戦争ってのは色々と段取りが大変だねぇ
酒家を出て俺達は酒屋を目指す。
ジェルメノム帝国の魔法使いは記憶を改竄させて貰った。当然、酒家のママとバーテンダーの記憶も弄らせて貰った。
酒家を元通りに戻してから、俺達は普通の客として表に出たのだ。
雨に濡れた石が滑りやすい。石畳の間に詰められた砂がぬかるんで、敷かれた石が緩み気味だ。
足元の悪い中、俺とテルナドの足は速い。
横殴りの雨を物ともせずに俺達の足は急ぐ。
魔法使いの記憶にあった洗脳用マイクロマシンは、一種類の酒瓶に仕込まれ、特定の客に出されるようにバーデンターに指示されていた。
その酒を含む、全ての酒は決まった酒屋から仕入れられていた。
じゃあ、その酒屋に向かおう、と、いうことになって、俺達は再び、嵐の中を歩いている訳だ。
その酒屋はフランシスカ王都にあって、経営者はジェルメノム帝国の男だということもわかっている。
元の経営者はフランシスカ王国の臣民であったのだが、その経営者は殺され、ジェルメノム帝国の工作員が現経営者となっている。

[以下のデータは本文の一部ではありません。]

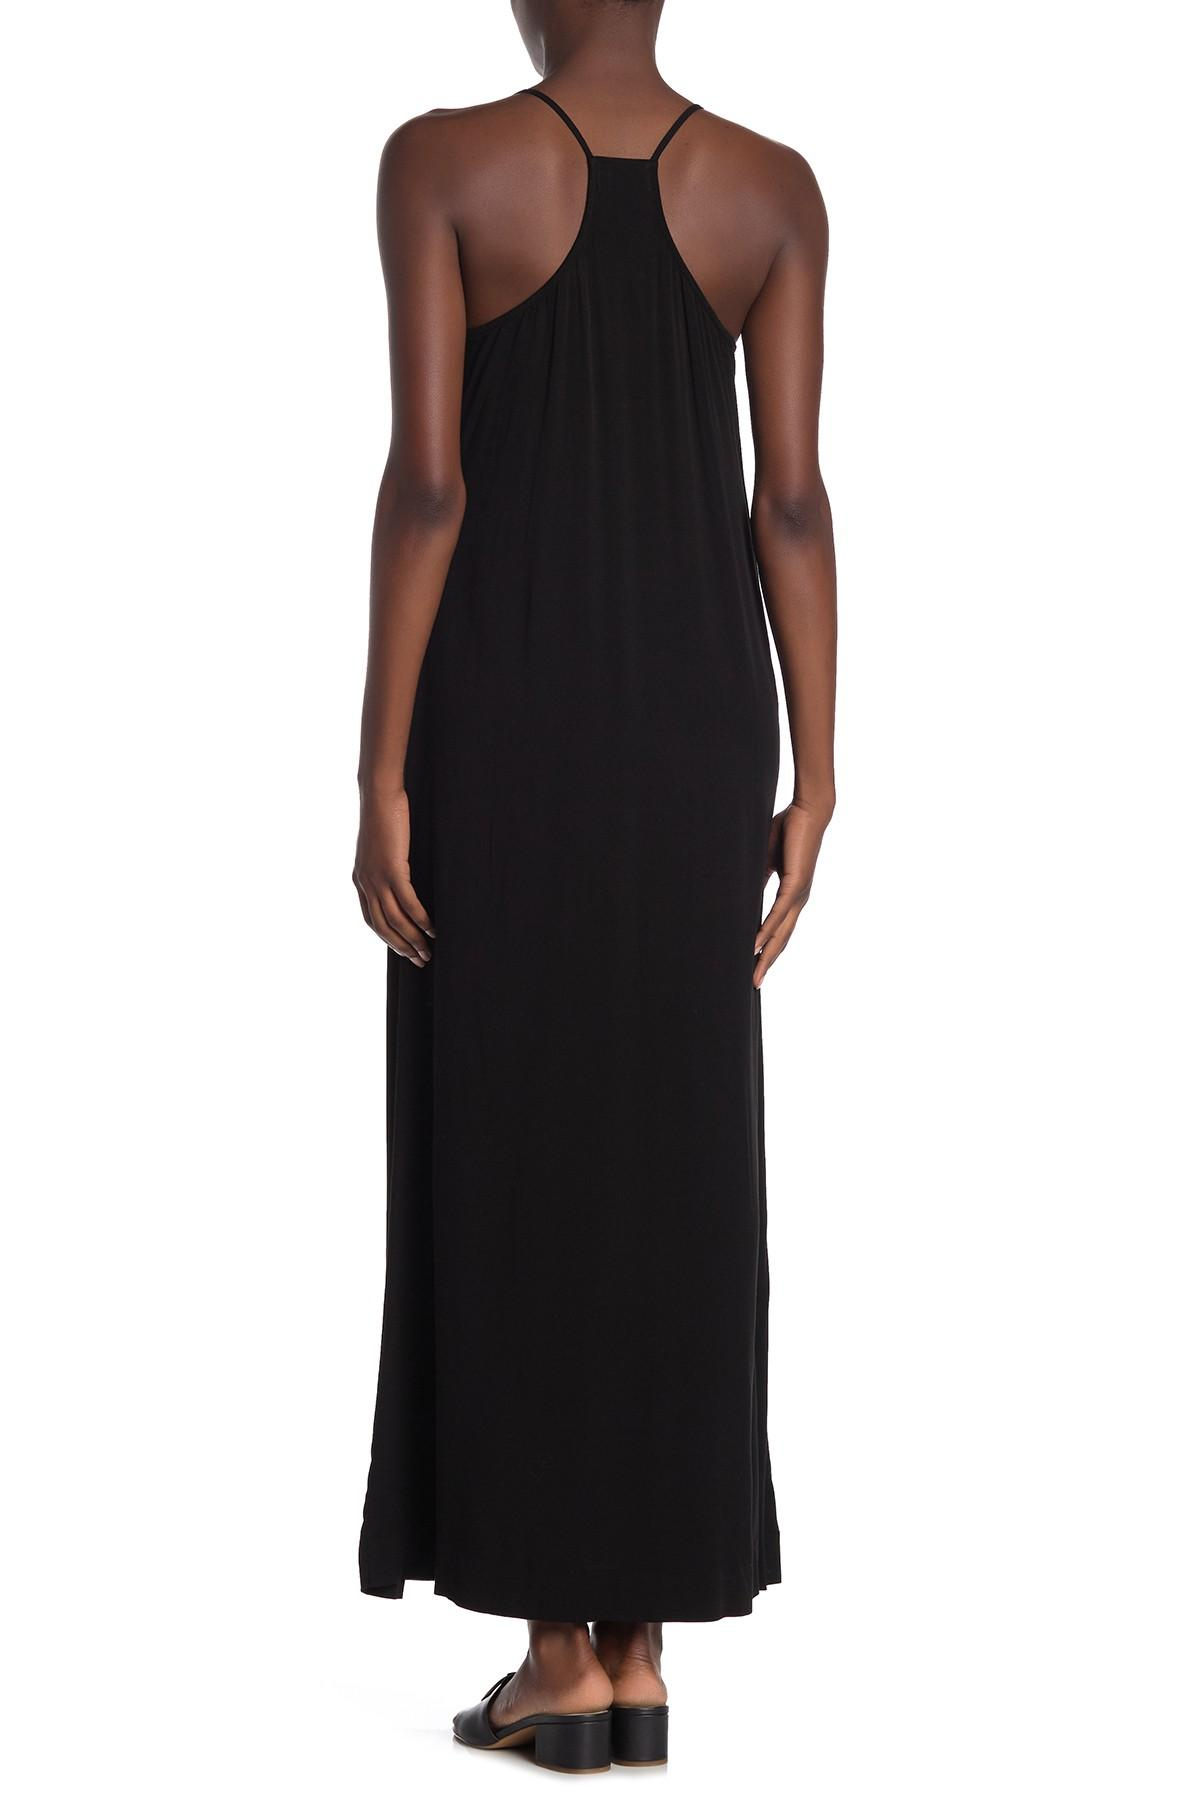 ae597e2de64 Michael Stars Rylie Rayon Babydoll Cami Maxi Dress in Black - Lyst

ジェルメノム帝国で洗脳用マイクロマシン入りの酒が仕込まれ、それを購入した魔法使いが洗脳用マイクロマシンを起動させる。
フランシスカ王国内で洗脳用マイクロマシンを作ろうとすれば、王国の宮廷魔導士に発見される可能性があるので、そのような手順を踏んだのだろう。
目的の酒屋に到着する。
開店しているが、客はいない。
木製のドアを開け、足を踏み入れる。雫が音を立てて床に落ちる。ドアに取付けられたカウベルが鳴って、俺達の来訪を店員に報せる。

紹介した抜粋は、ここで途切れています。